Texel is an island north of Holland, bordering the North Sea, where we are spending the night. “We” is a group of four girlfriends from the Washington DC area who decided this is the best way to see Holland in the spring. We first spent two days touring Amsterdam and are now embarked on an 8-day “Bike-and-Sail” on board the Mare fan Fryslan with eight other adventurous tourists. It’s our 3rd night on board. We’ve biked one day and sailed one day. Tomorrow, we face strong winds in a bike tour of this island that seems owned by the sheep. Stay tuned. See captions below. (I’m doing this post by phone so please forgive any typos.)

Andrea, Susan, June and I prepare to board the boat. We took a tram and then a bus from our hotel to the dock, in Saturday crowds, muscling our luggage the whole way.
This 177′ boat was originally a cargo ship.

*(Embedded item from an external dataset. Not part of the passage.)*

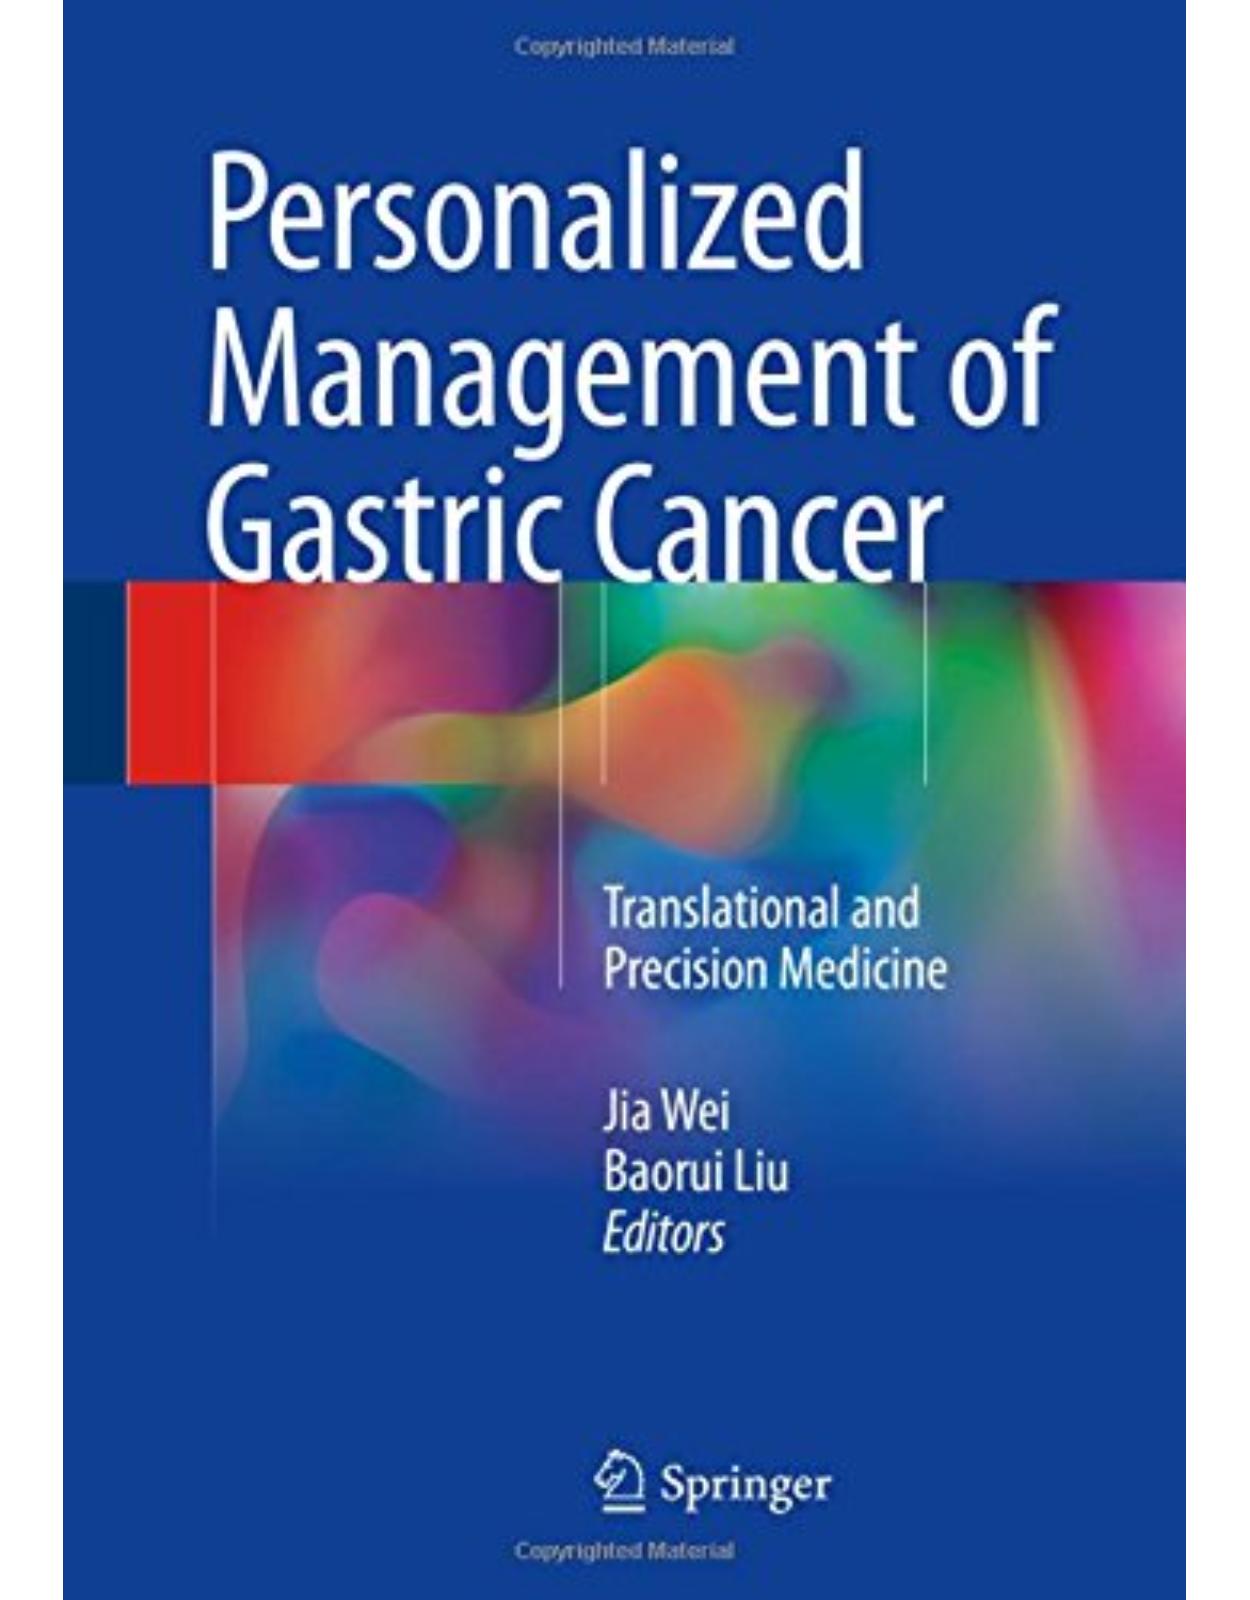 Personalized Management of Gastric Cancer: Translational and Precision Medicine

With 14 cabins, it can fit more than 22 passengers but has only 14 on this trip, its maiden voyage of the year. (Read more about the boat here.)
Our touring group includes people from the UK, Canada, Singapore and the US. Our guide Tom (center front) is Dutch. Naturally! (I’m missing from this photo because I’m taking it.)
We boarded the boat in Amsterdam and are now on Texel Island.
During our 1st day on board, we got acquainted with our 7-speed bikes, lined up here next to the boat awaiting their first excursion
Our first stop was the town of Volendam, a Catholic holdover from the days of the Protestant Reformation. Like other countries in Europe, there is so much history here from both religious wars and world wars.
On our 2nd day, we arrived by bike in the charming town of Hoorn just in time to join the local population in the square on a sunny Easter Sunday.
Biking is a form of transportation more than a sport in Holland And it’s not only young people. This white-haired man is pushing something large.
Susan is wearing the bright yellow vest because she played sweep, taking the back, on our 1st bike ride.
See the 2nd house from the right? How it’s leaning forward? Dutch homes are often built deliberately this way. Some say it’s to help move furniture to upper floors. Some, to help rain fall off the roof
Some, to make the house look bigger.
We’ve gone through three locks so far and passed by a 30-mile-wide dam. The Dutch sure know how to manage water.
We hoisted three of the boat’s four sails today. It wasn’t easy.
Here, Susan is trying to help me by adding her weight to mine to get the crank to move. The higher up the sail went, the harder it was to raise.
David from Canada, Nikki from the U.K. and Randy from Georgia join me in admiring the sails aloft. (My hands are still on the crank.)
After we raised the sails, we also helped to trim them. They are such big sails, it took several people on the line – including First Mate Marvin, in the black hat.
Evenings on board are spent playing cards in the dining area…
….or visiting in the bar…
…or enjoying the hot tub. (I’ve never seen a hot tub on a sailing vessel before!)
Tonight, on the island of Texel. We expect to see a lot more sheep as the boat heads south.

5 thoughts on “Sailing Holland

  1. Have a wonderful experience, Mary! You have an adventurous spirit and a strong constitution. But raising that sail requires some help!